Illustrative running example: Assuming N is 100M, the last level capacity NL is initialized as 50M to obtain corresponding size ratio set, {4, 4, 4, 2} with the dynamic programming algorithm described hereinbefore. Then, the number of runs {ni} is fine-tuned by varying k from 0.5 to 2 (note that ni=k√{square root over (ri)}), among which k=1 yields the minimum cost according to Equation 17. Hence, the optimal structure derived for NL=50M is characterized by the size ratio {4, 4, 4, 2} and k=1. Next, NL is increased from 50M to 99M by a step size (e.g., 1M) and the above procedure is repeated to search the desirable structure reaching minimum cost.
Moreover, the tractable structure adaptation presents satisfactory computation efficiency. It takes an average of 1.52 s, with a maximum of 4.43 s, to determine a desirable structure as N varies from 1 GB to 16 GB. Therefore, while Moose is designed for static workload tuning, the impressive computational efficiency of Smoose demonstrates that it can be employed in dynamic applications. Various example embodiments note that minor workload variations could be accommodated without adaptation and maintain sound performance. On the other hand, for substantial changes in workload, structural transformation or adjustment may be performed by using Smoose to modify capacities and run numbers at each level of the LSM-tree structure. In various example embodiments, for example, a lazy strategy (e.g., disclosed in Dingheng et al., “Learning to Optimize LSM-trees: Towards A Reinforcement Learning based Key-Value Store for Dynamic Workloads”, arXiv preprint arXiv:2308.07013 (2023)) may be utilized to reduce transformation or transition costs while maintaining competitive overall performance. In this regard, the lazy strategy employs a Reinforcement Learning framework to gradually amend the structure of the LSM-tree in order to reduce the transition cost.

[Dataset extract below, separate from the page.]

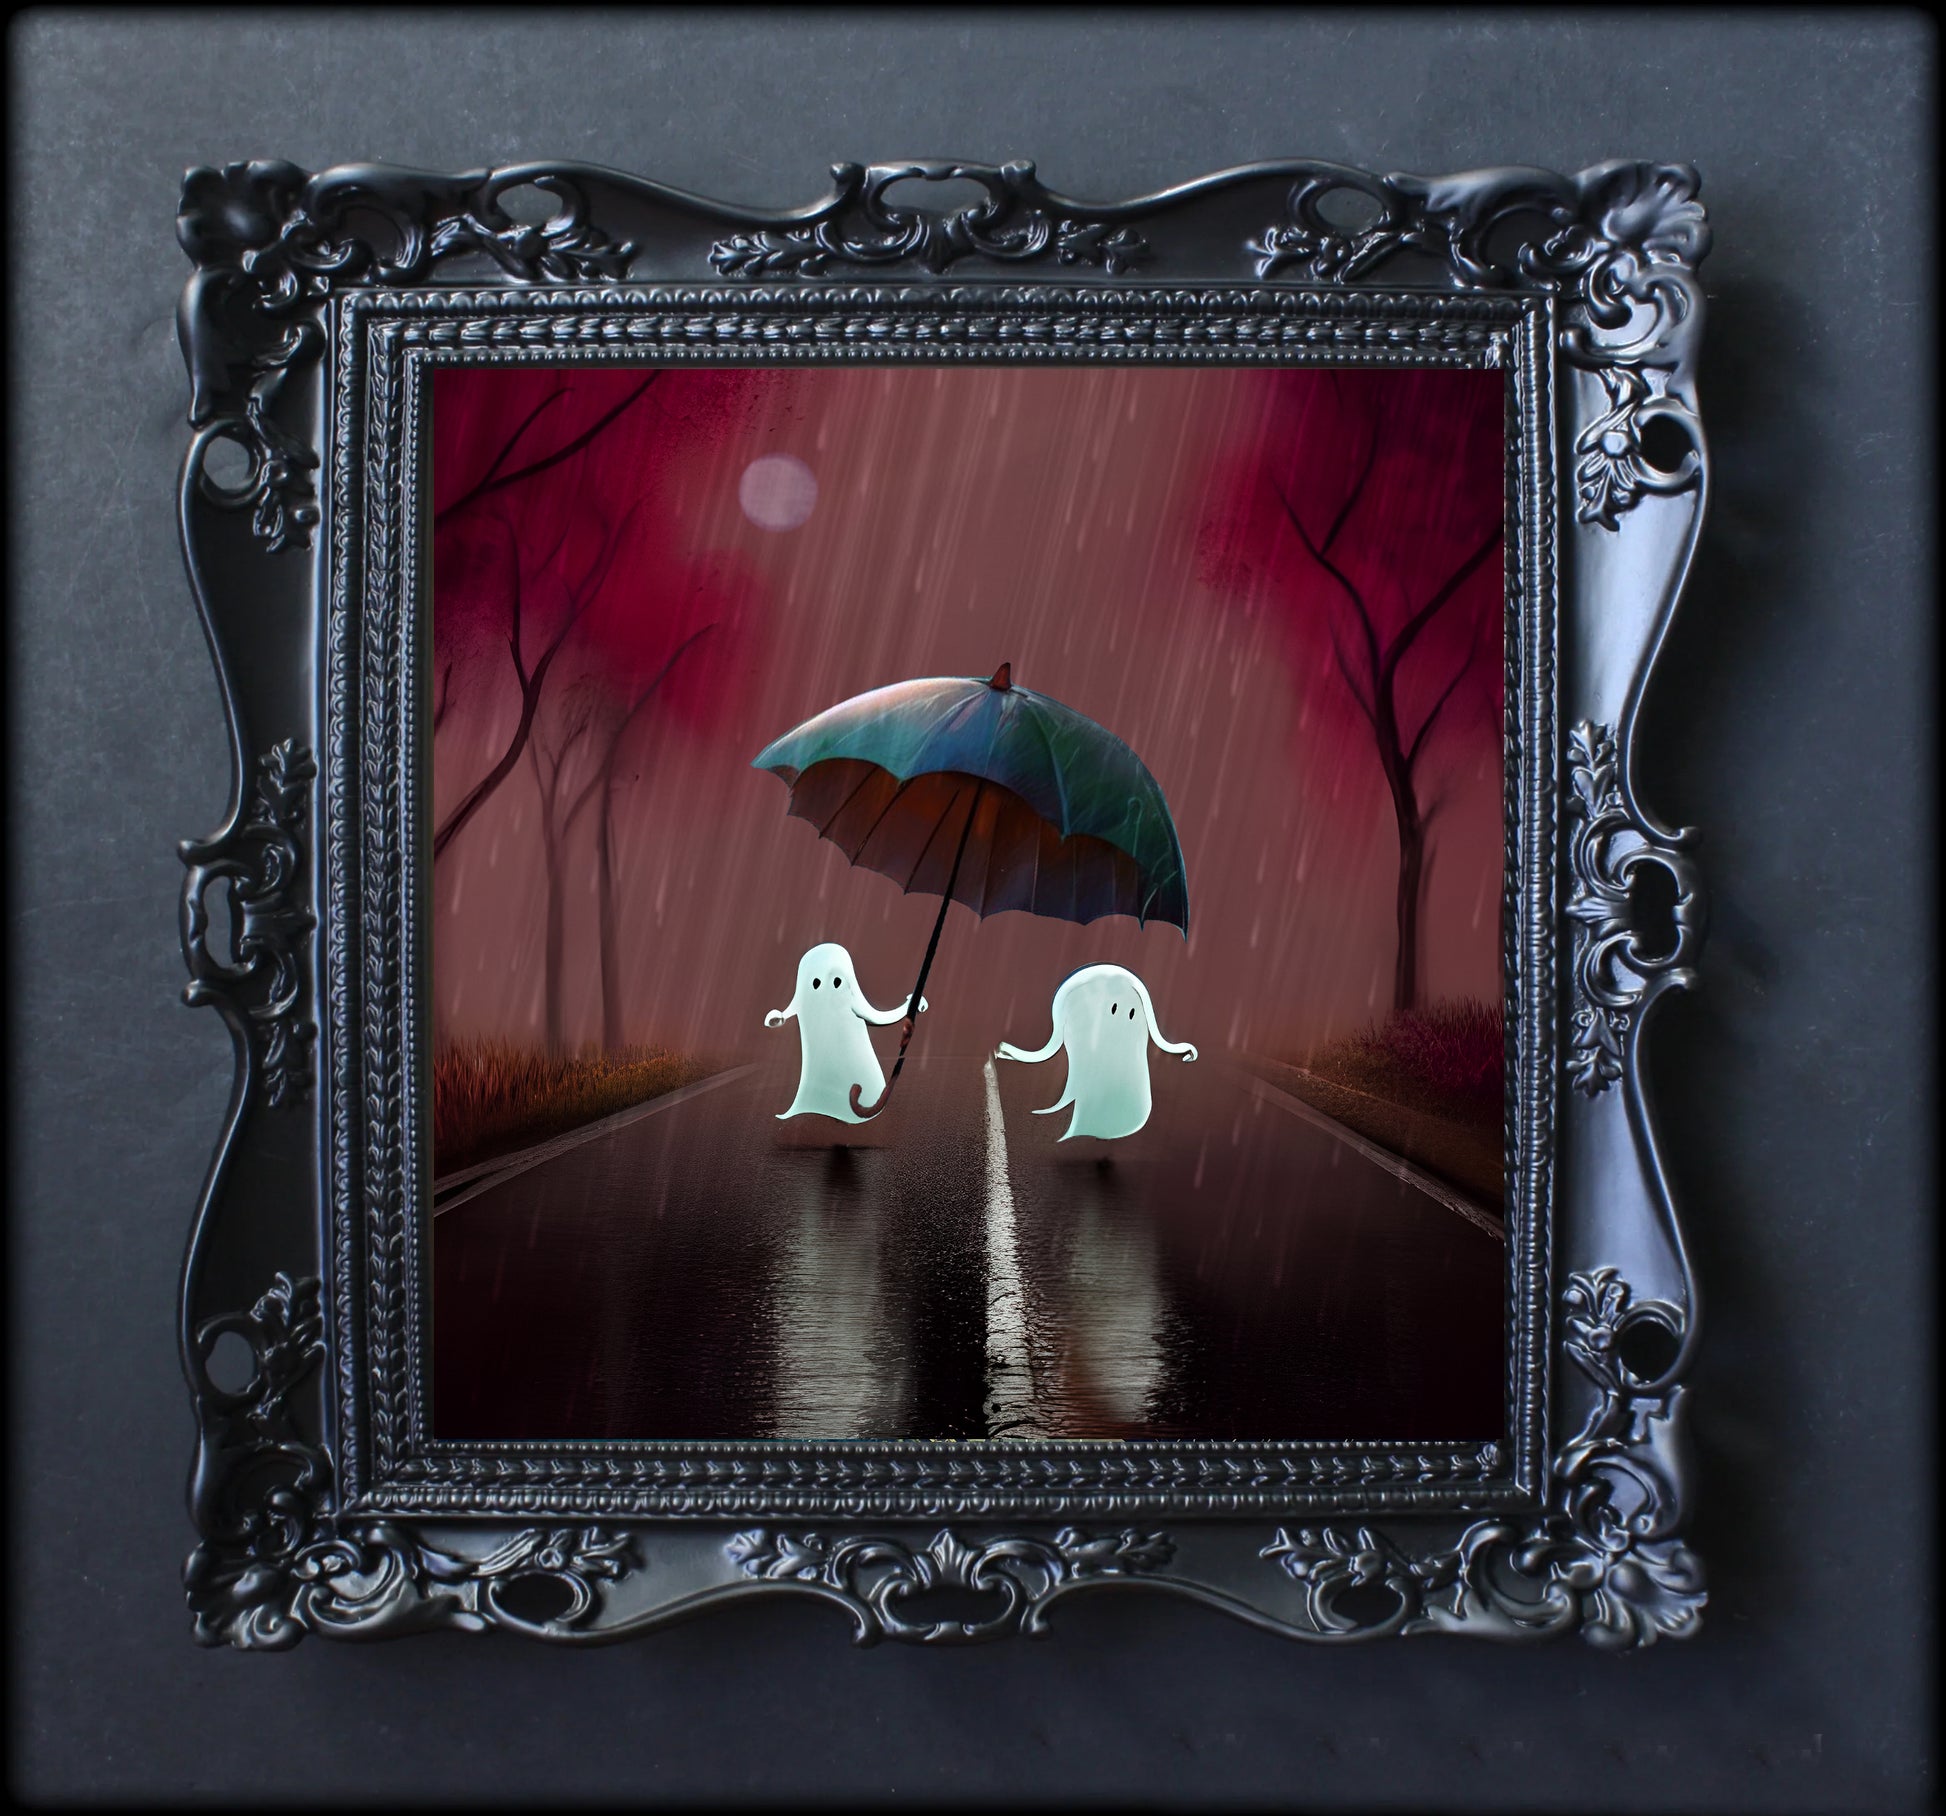 Ghosts in the rain with umbrella art artwork print

Experimental evaluation of Moose and Smoose according to various example embodiments of the present invention under diverse workloads will now be presented. The outcomes indicate that both Moose and Smoose demonstrate remarkable competitiveness compared to various baselines. The experiments were conducted on a server equipped with an Intel® Xeon® W-2235 CPU at 3.80 GHz, 32 GB of DDR4 main memory, and a 512 GB SATA SSD, running a 64-bit Ubuntu 20.04 on an ext4 partition.
Implementation: Moose and Smoose are implemented on top of RocksDB by Meta (formerly Facebook), a well-known LSM-tree storage engine. The basic Bloom filter policy in RocksDB was extended to Monkey Filter policy for all the baselines, which allows the setting of a different bits-per-key at different levels. As for Moose (abbreviated as MSE), the default setting, NL=0.8N and ni=√{square root over (ri)} for run numbers, was employed while the size ratios ri was determined using dynamic programming.

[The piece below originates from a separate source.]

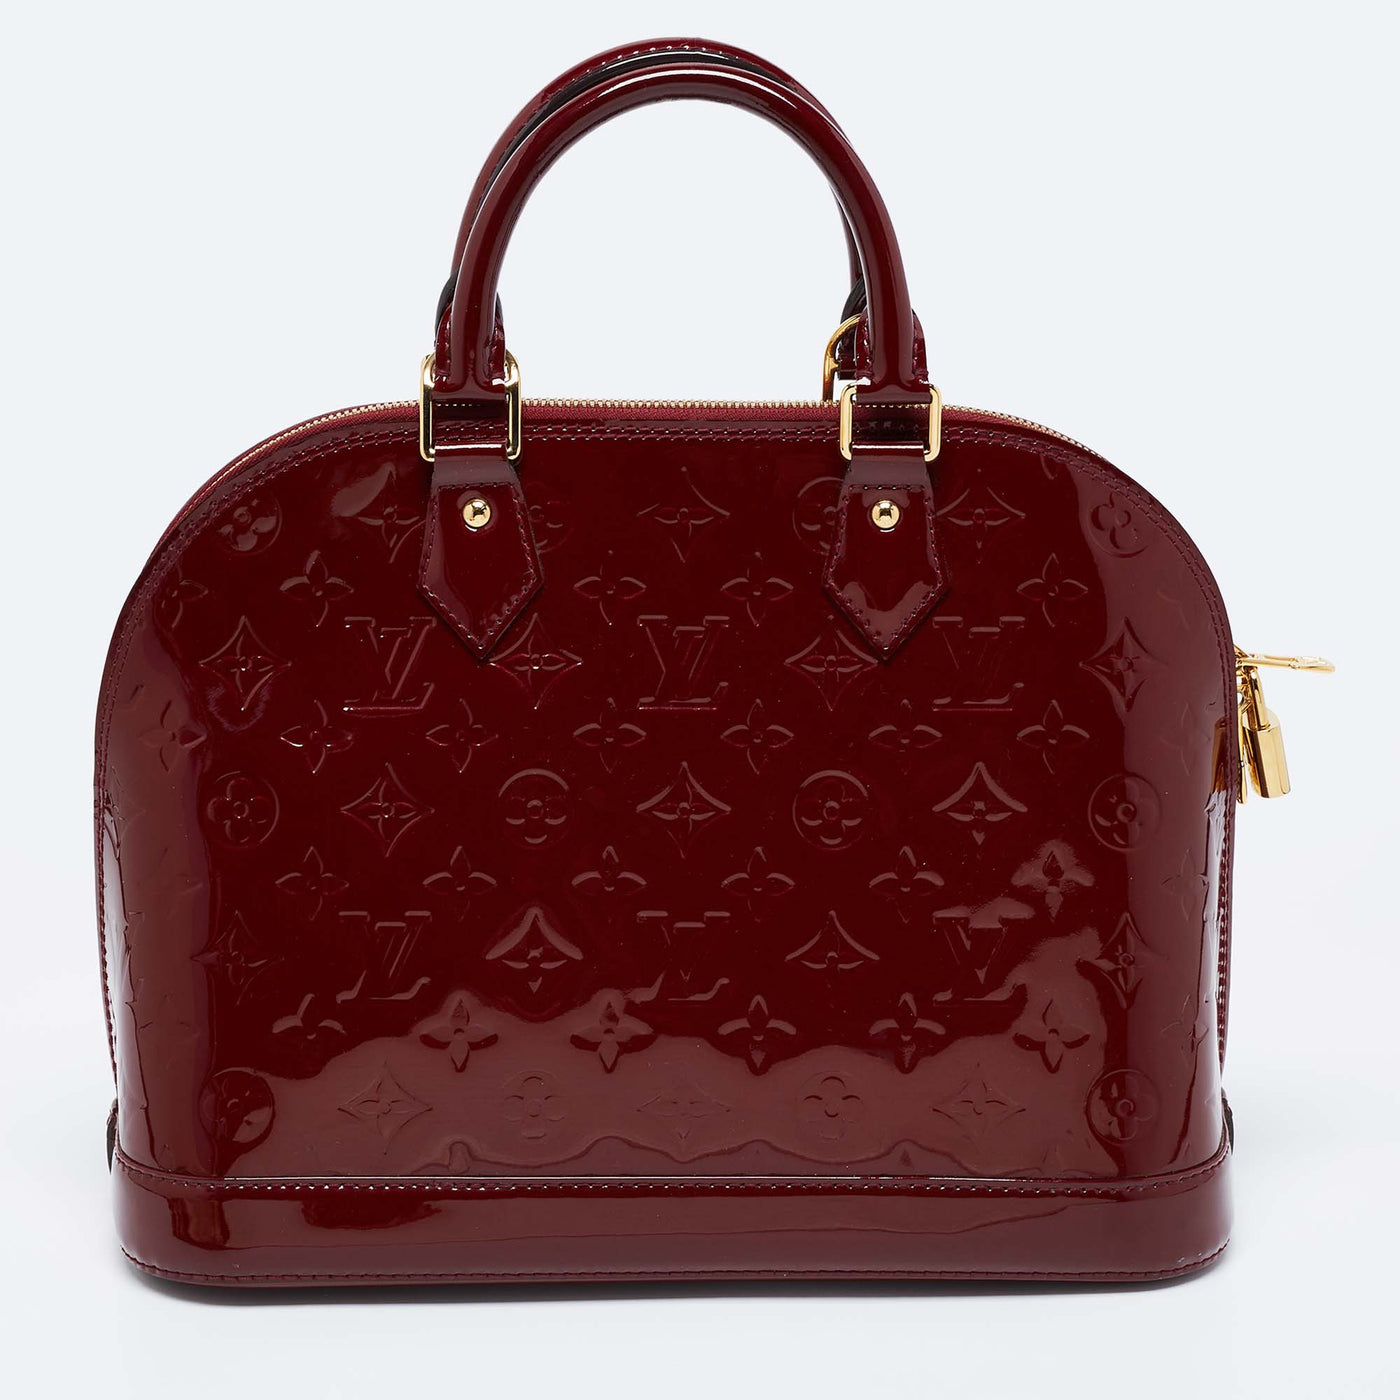 Louis Vuitton Alma: A Quintessential Piece Of Handbag History

Baselines: A comparative analysis of the Moose and Smoose methods against several conventional baseline approaches was conducted, which encompass Leveling (abbreviated as Lv), Tiering (abbreviated as Tr), Lazy-Leveling (abbreviated as LL), and QLSM-Bush (abbreviated as Bsh) (these conventional baseline approaches were also discussed hereinbefore with reference to Table 1 in FIG. 4). For Leveling, Tiering, and Lazy-Leveling, the size ratio T was set to 10, in accordance with the default size ratio of RocksDB. In the case of QLSM-Bush, T=2 and X=2 were employed, following the recommendations outlined in the original paper. The buffer size for all the baseline systems was set at 2 MB. Furthermore, a Bloom filter budget of 5 bits per key was allocated, in accordance with the default configuration in RocksDB.

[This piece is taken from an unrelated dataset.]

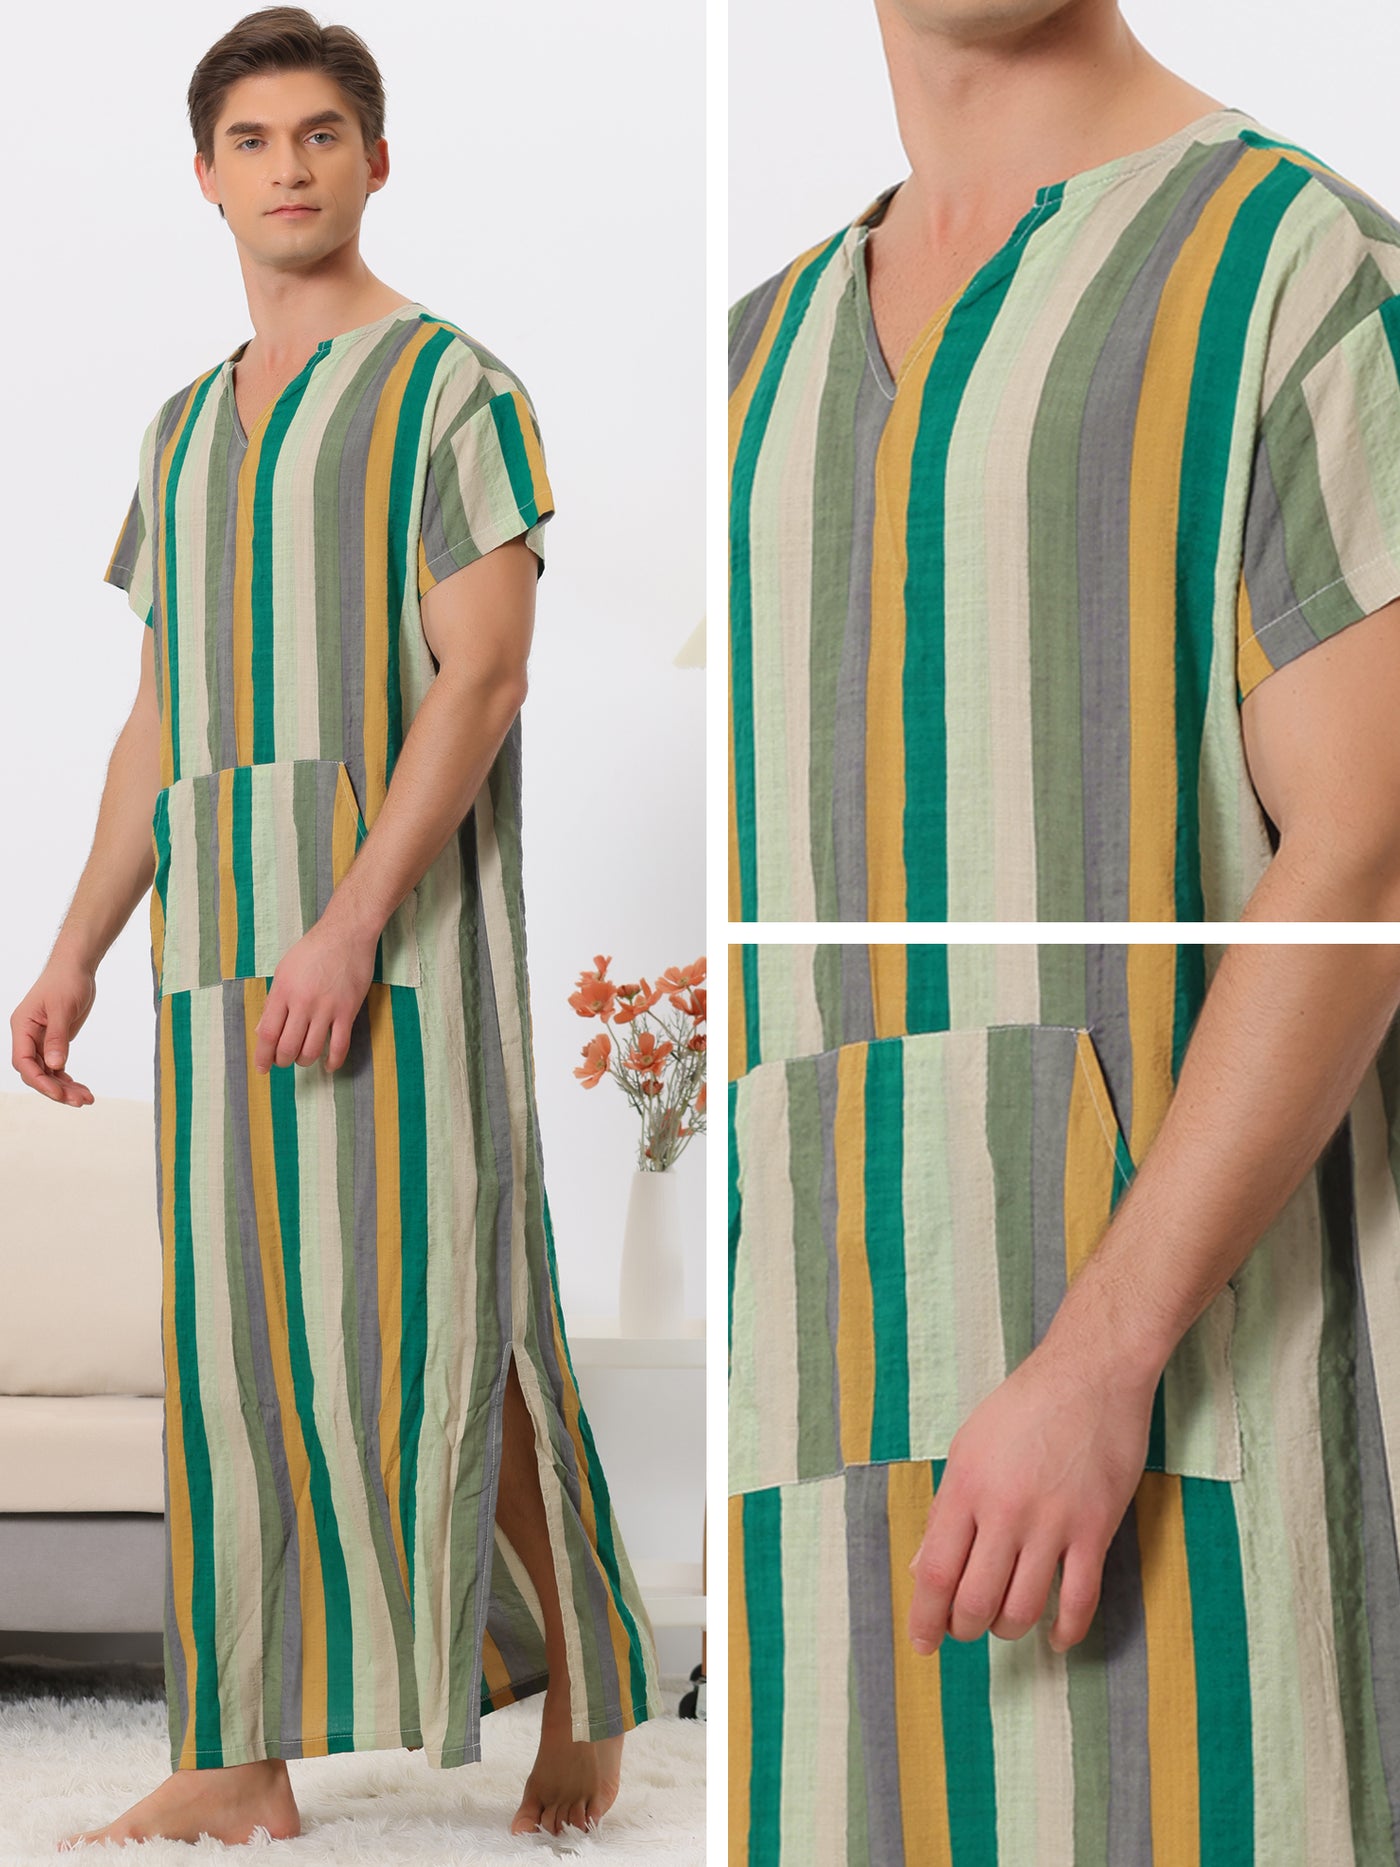 Bublédon Striped Sleep Shirts for Men's V Neck Short Sleeves Color Block Nightshirt

The performance of Smoose (abbreviated as SMSE) with three-way-mixed workloads was assessed and a comparative evaluation was made against another workload-aware designs, Dostoevsky abbreviated as Dos). To ensure equitable comparisons, both methods were configured using identical workload parameters (i.e., with an identical proportion of each operation). In addition, to illustrate the practical effectiveness, the result of the tuned RocksDB (abbr. TRDB) was compared.
Experiment design: In data preparation phase, approximately 11 GB data was bulk loaded into the database, featuring random key-value pairs. Each pair is comprised of a 24B key and a 1000B value. Subsequently, each baseline was subjected to testing across a range of workloads, each consisting of 2,000,000 operations.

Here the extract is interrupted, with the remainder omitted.